Сконфуженный солдат встал, подстегиваемый товарищами.

Его рост осознали? Десять таких человеческих ростов взять, да что десять? Как бы и не двадцать таких его ростов! Такой вышины сыпали каменный холм усопшему. Я мерял шагами один курган там, в Таврии. С одного бока стал восходить, а по другому боку спустился. И начел своих шагов сто на десять.

Это же полверсты будет! – удивленно воскликнул стоящий до сих пор солдатик.

Ты, ученый служивый, сядь. Будет и поболее версты. Но считай, что я вверх шел, а потом вниз. По ровной земле – менее версты, конечно, будет…

А теперича – главное. Когда камня накидают вдосталь, на камень еще сыплют землю. Сыплют земли много.

Это ж сколько народу должно одного упокойника хоронить? – снова не сдержал удивления ученый в счете солдатик, – а потом им надо поминальный обед устраивать. Такой разор семье!

Народу, ясно, много собиралось. Но не о народе говорю. Слушай молча. Где ныне тот народ – никто не ведает… Да, так вот. Стали мы, было, траншею бить сбоку того кургана. Ибо, влезши наверх его, увидели, что поверху уже давно до нас пытались люди тот курган вскрыть. Широкую да глубокую ямину вырыли, но та яма за долгие годы оплыла землей. А раз сверху уже воры лазили, так тот скиф сказал нам, он навроде меня у нас был – Ведуном, Баальником, скиф сказал нам, что надо заходить в могилу сбоку. По солнцу определил стороны света, еще побегал вокруг с китайской вертушкой…

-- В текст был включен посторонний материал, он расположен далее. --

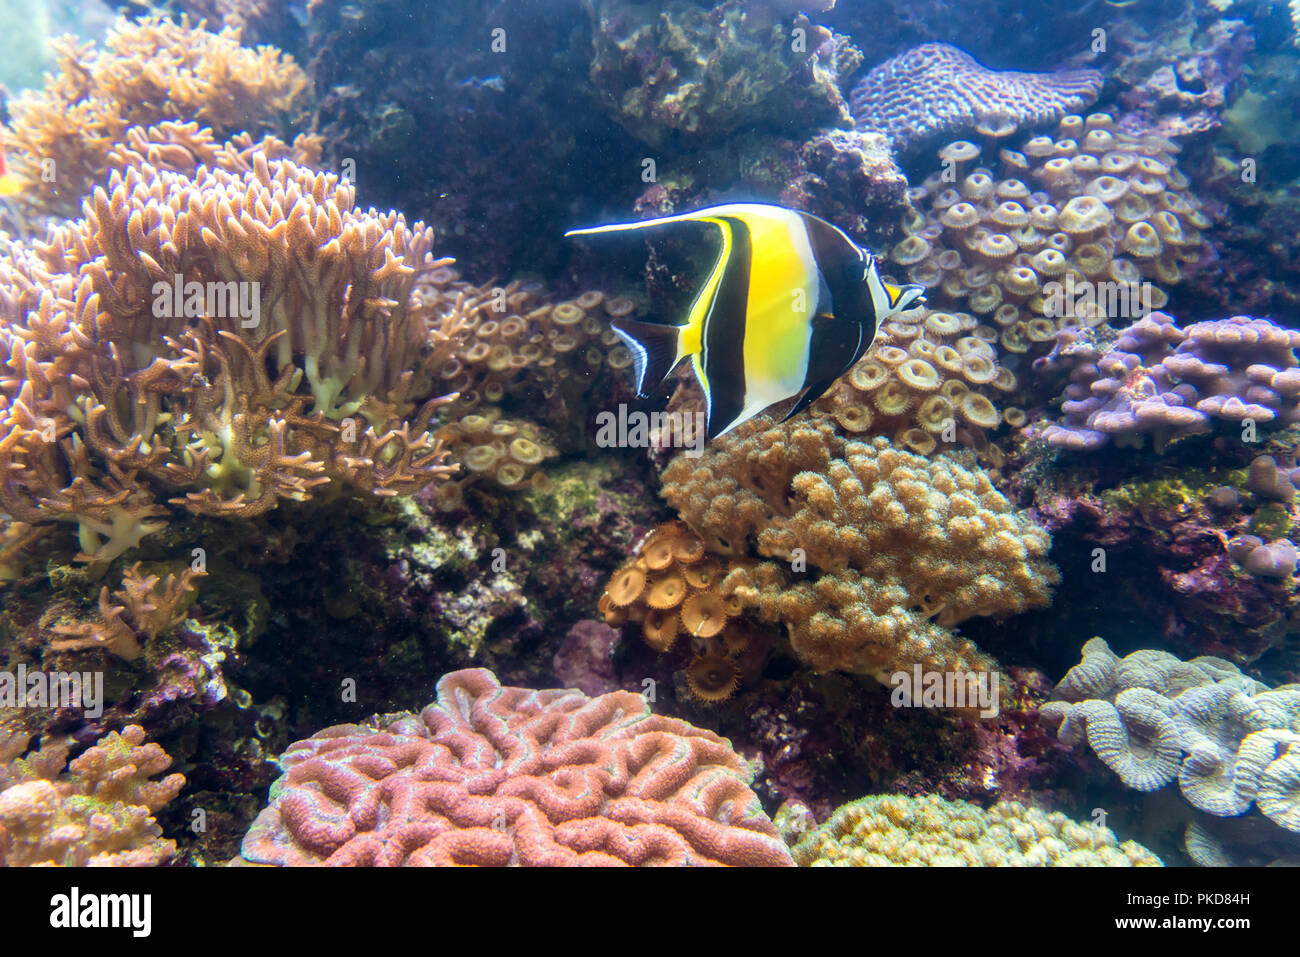 Hermoso y maravilloso mundo submarino con corales y peces tropicales. Foto de stock

Артем Владимирыч вдруг очнулся от интриги рассказа старого бугровщика. Компас! Китайская вертушка – компас! А у них в караване компаса нет! Артем Владимирыч от внезапной обиды сжал кулаки. Дурья башка! Компас в Тобольске был. Один, но был. Губернатор Соймонов без компаса – тяжелой металлической посудины со стрелкой, указующей на стороны света – и версты не ездил! Ту посудину губернатор поместил в деревянный сундук, окованный латунными полосами, а под ее транспорт выделял отдельного коня с мягкой повозкой.

Эх, ты, артиллерии генерал! Мог бы и спросить у Соймонова права попользоваться полезным инструментом в походе на неизвестные земли!

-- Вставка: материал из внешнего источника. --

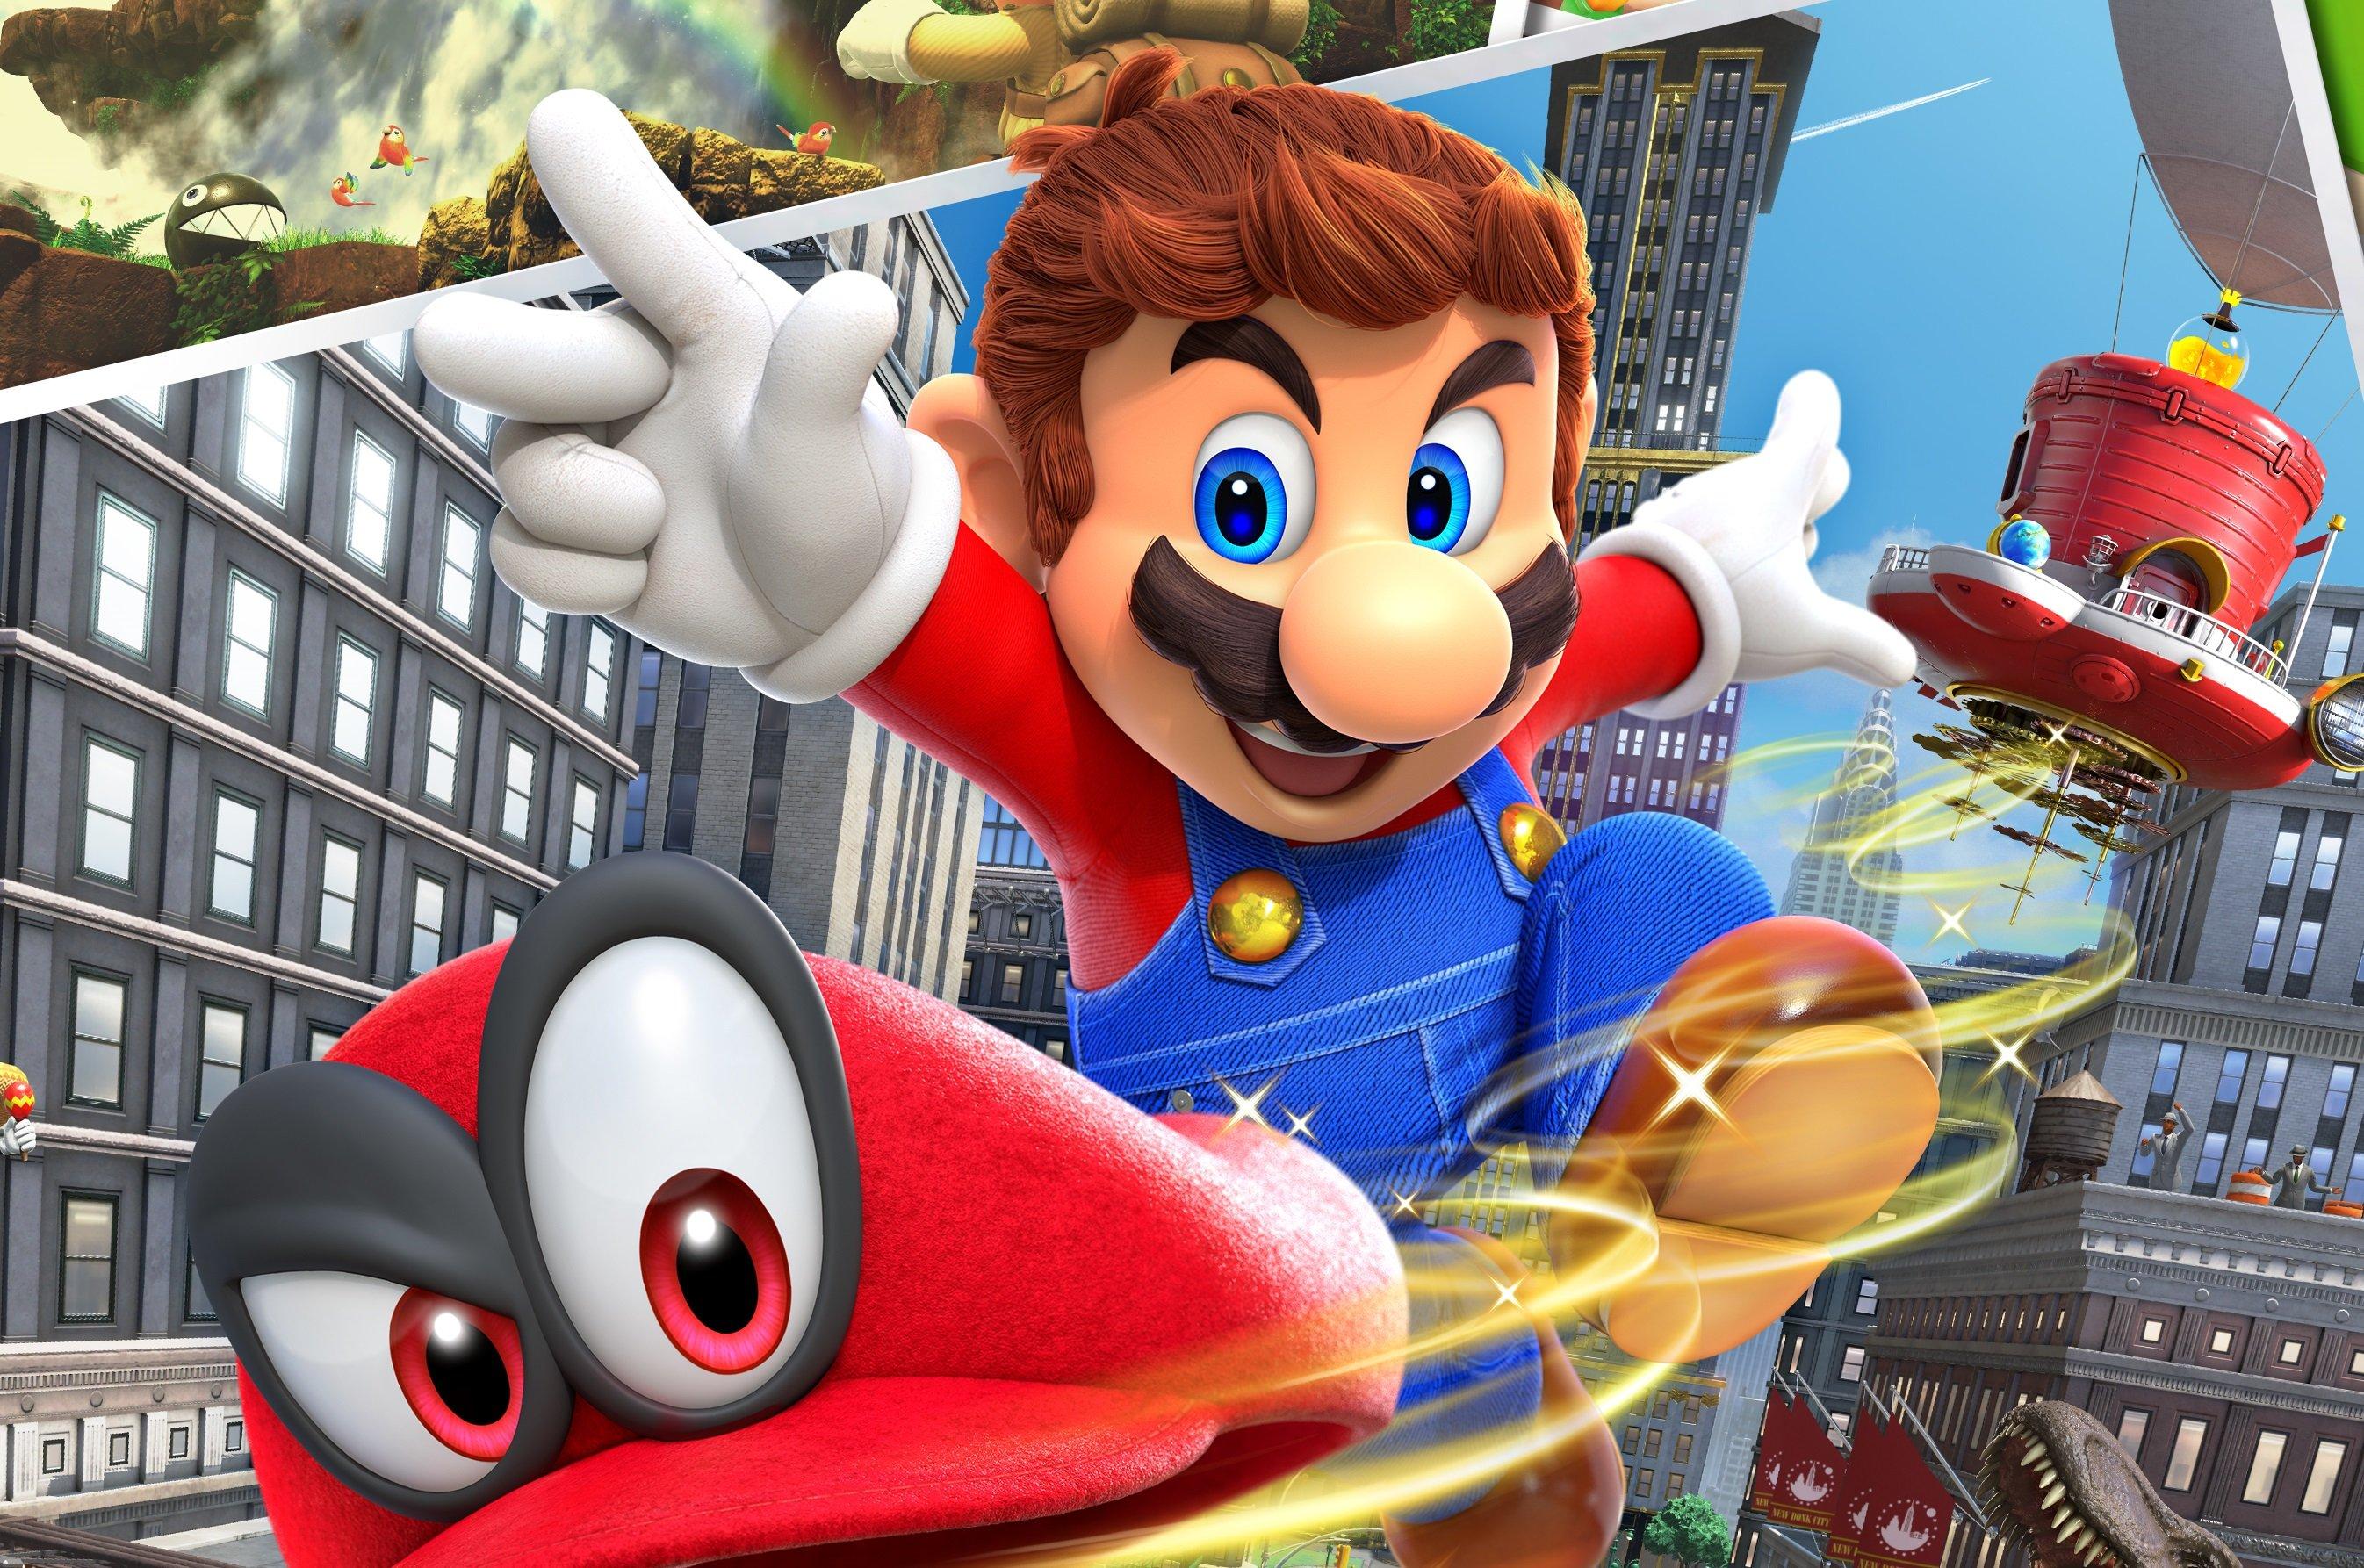 Les taquineries de Nintendo sur Mario Sunshine sont-elles remastérisées ?

… То есть – расчел нам Скиф, – продолжал Баальник, – как в древнюю старину упокоенного клали. Удивление мы с товарищами имели, что того, неведомого царя клали на стороны света чисто русским обычаем! Ногами – на Запад, главой – на Восток! Говорит тот скиф: «Те, которые ранее нас здесь золото шарпали, к упокойнику сверху добрались, а вот к евонным женам да к коням – побрезговали. Али – поопаслись. Кони, знамо мне – Ложились с Севера. Через коней и станем входить в курган.

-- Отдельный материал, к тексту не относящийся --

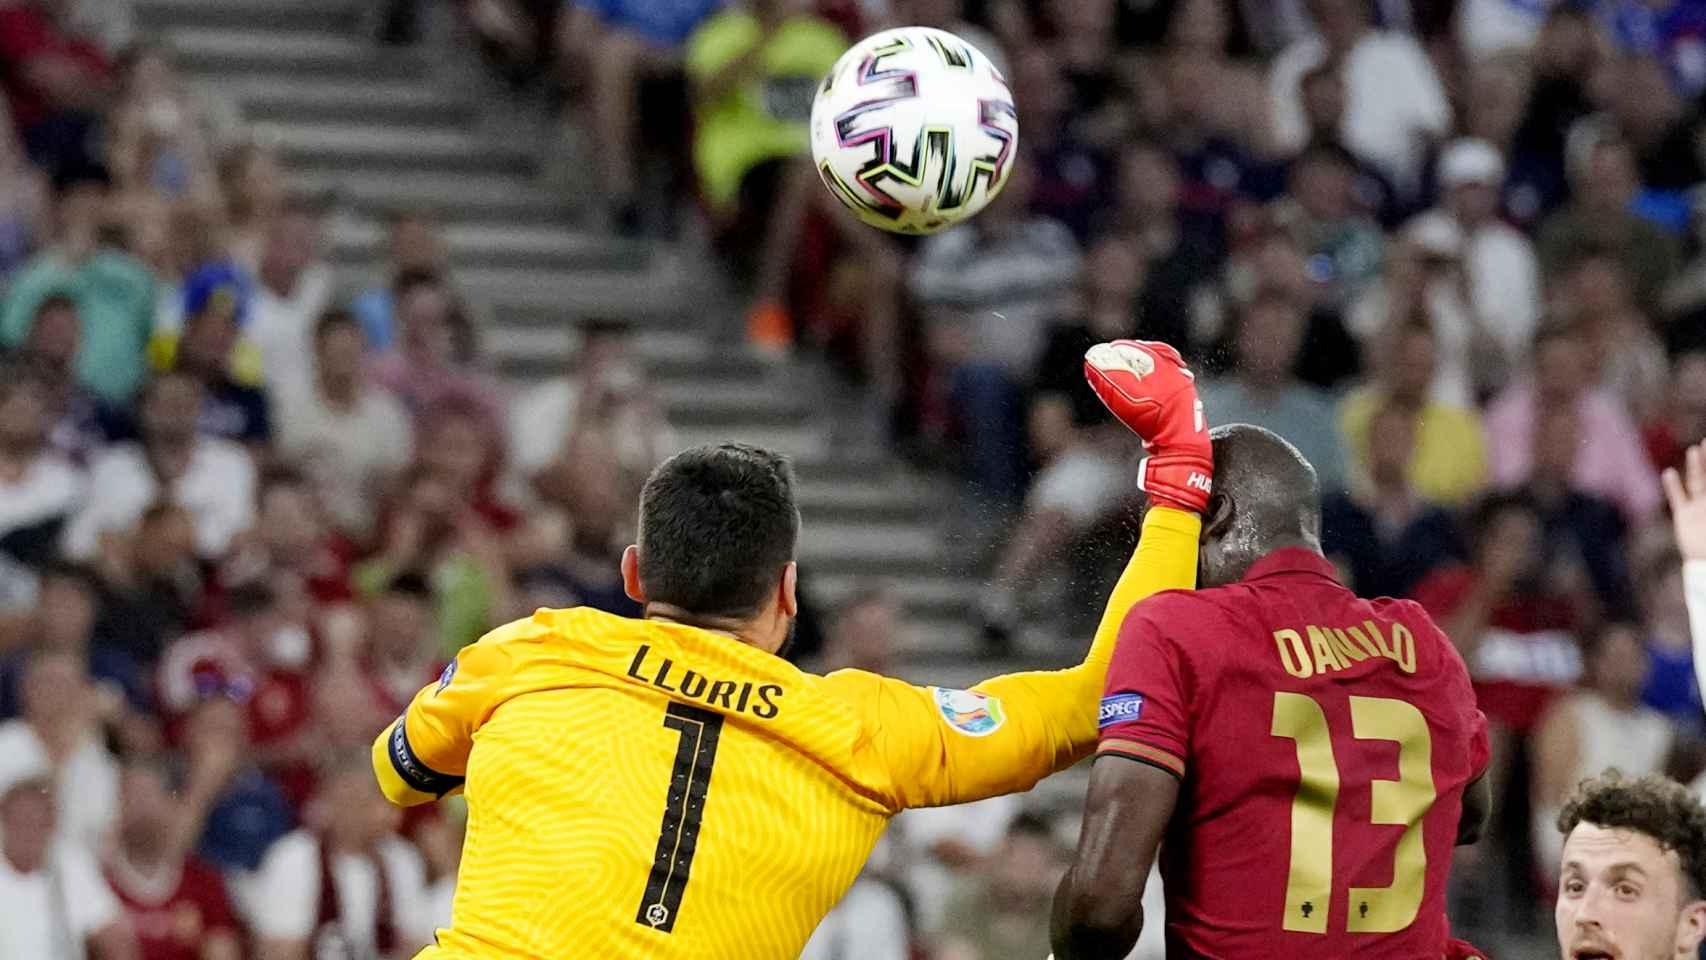 Lloris golpeando a Pereira en su intento de despeje

Баальник принял поданную ему костровым дежурным солдатом чашку теплого взвара из сухой малины, неспешно выпил. Потом продолжил:

– Земля за века слежалась на том кургане до каменной тверди. Лопатой не взять. Потому и радовался я днесь, что в наш обоз взято много железных лопат, кирок да ломов. Это – здраво. Князь, наш баскарма, свидетельствую, голова!.. Ну, вот, сказываю далее. Кое-как пробились мы деревянными лопатами, железом окованными по лезвию… такая Дрянь, а не лопаты! – до каменной насыпи. Там стало легче. Камни долго ли руками собирать да откидывать. Однако лишь первый день радовались. Оказалось, что камни руками кидать, что руки калечить. Нас подвела алчба. Скиф тогда бегал, кричал – руки берегите, волки! Да кто он? Наш вож – Степан Новоградовский, кличем Долото – послал его… мать доить, да и нас подопнул. Из воровского народа, а было нас на том кургане сотня с лишком человек ватажных, половина на другой день работать не могла – ладони сточили о камень до мяса. Так что, товарищи, надо падерки иметь, да не одни.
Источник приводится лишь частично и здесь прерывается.